C'est quand même un monde étrange ! Alors que le risque de déflagration nucléaire s'approchait du zéro sur le décompte final, par la faute d'une politique agressive menée par Mme Clinton et Kerry, voilà que Trump promet la paix avec la Russie ! Bonne nouvelle, non ? C'est une mauvaise chose, nous disent les faiseurs d'opinion américains et les élites européennes. La guerre serait donc meilleure que la paix !


En vérité, le programme de Trump sera une véritable catastrophe pour les patrons de l'industrie de guerre, pour les milieux financiers, pour les néo-conservateurs et tout le système qui a fini par s'accommoder du bipolarisme partisan qui irrigue les institutions. A part quelques discours marquants dont les bonnes intentions ne furent que rarement concrétisées sur le terrain et quelques accords flamboyants, l'administration démocrate Obama a fait la guerre aux peuples du Proche-Orient comme l'avait faite le républicain Bush. Et nous étions bien naïfs de croire que les malheurs du monde allaient s'arrêter avec le départ du richissime Texan. Trump casse la baraque et annonce qu'il ne fera pas la guerre pour la démocratie ailleurs. Imaginez les sommes colossales qui ne vont plus aller dans les caisses des faiseurs de conflits militaires ! Ces derniers, avec les milieux de la finance et les grands groupes multinationaux touchés par la fin de la délocalisation, ainsi qu'une partie de la maffia, ont peur de Trump. Et comme ils contrôlent les médias, on comprend pourquoi l'homme est sous le coup des critiques depuis la campagne électorale jusqu'aux derniers événements ayant succédé à son investiture. Curieux quand même que l'on manifeste contre un Président élu démocratiquement ! Peut-être que la démocratie à l'occidentale ne donne pas toujours de bons résultats et l'on n'oubliera jamais que Hitler est l'enfant d'un processus électoral démocratique. Ça ne vous rappelle rien ?
Un mot sur la Palestine : Trump, en bon Américain, ne peut être qu'un allié d'Israël, obéissant presque à un réflexe pavlovien. Sa vision est celle de la droite pure et dure, mais n'est pas le prolongement d'un ancrage sioniste, ce dernier étant justement celui de tous ces ennemis politiques. A ce titre, il est moins dangereux que Mme Clinton et s'il posera problème avec ses probables décisions d'encourager la colonisation et de transférer son ambassade à El Qods, il faut malheureusement se rendre à l'évidence : nous, les partisans de la Palestine libre, ne pourrons que «dénoncer» !
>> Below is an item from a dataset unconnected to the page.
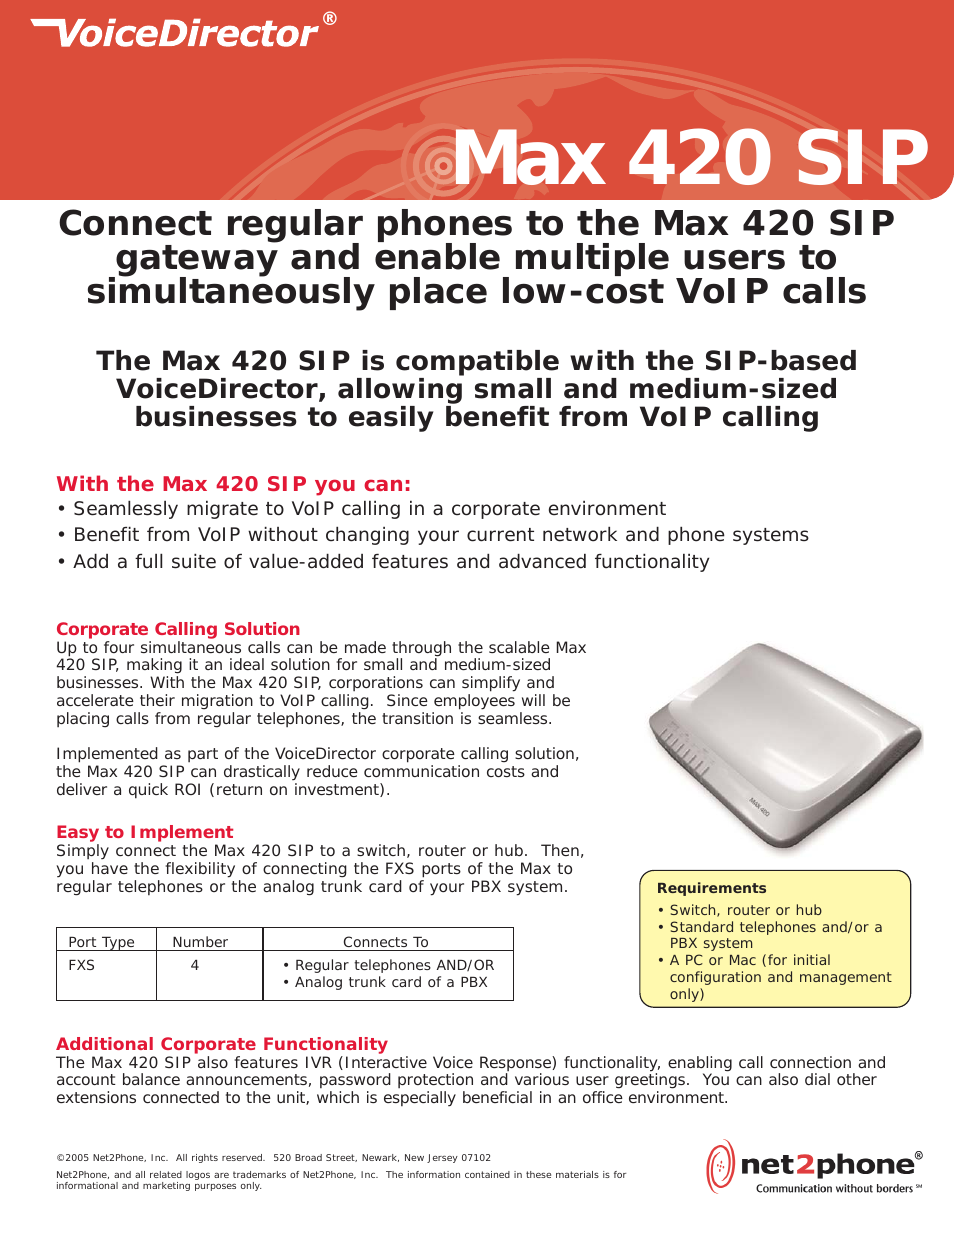 VoiceDirector Max 420 SIP

Face à cette «impopularité» manipulée qui sera passagère car le peuple américain jugera l'homme à ses actions et non en épousant les élucubrations des éditorialistes, il faut laisser le temps au temps. Il nous semble que l'Amérique va retrouver ses dimensions populaires authentiques, un mélange de capitalisme atavique, de comportements chauvins et de puissante force de travail. Une Amérique judéo-chrétienne intolérante et impassible aux humeurs du temps et aux modes passagères. C'était cela l'Amérique avant le grand tourbillon émancipateur des années 70. Trump, c'est le contraire d'une révolution. Les anciennes valeurs seront de retour, y compris cet irrésistible appétit de l'argent dont il est le symbole. Que les vrais riches soient au cœur du pouvoir est loin d'être une hérésie au pays du libéralisme. C'est le fameux rêve américain qui entre à la Maison Blanche et cela est comme un beau happy end hollywoodien.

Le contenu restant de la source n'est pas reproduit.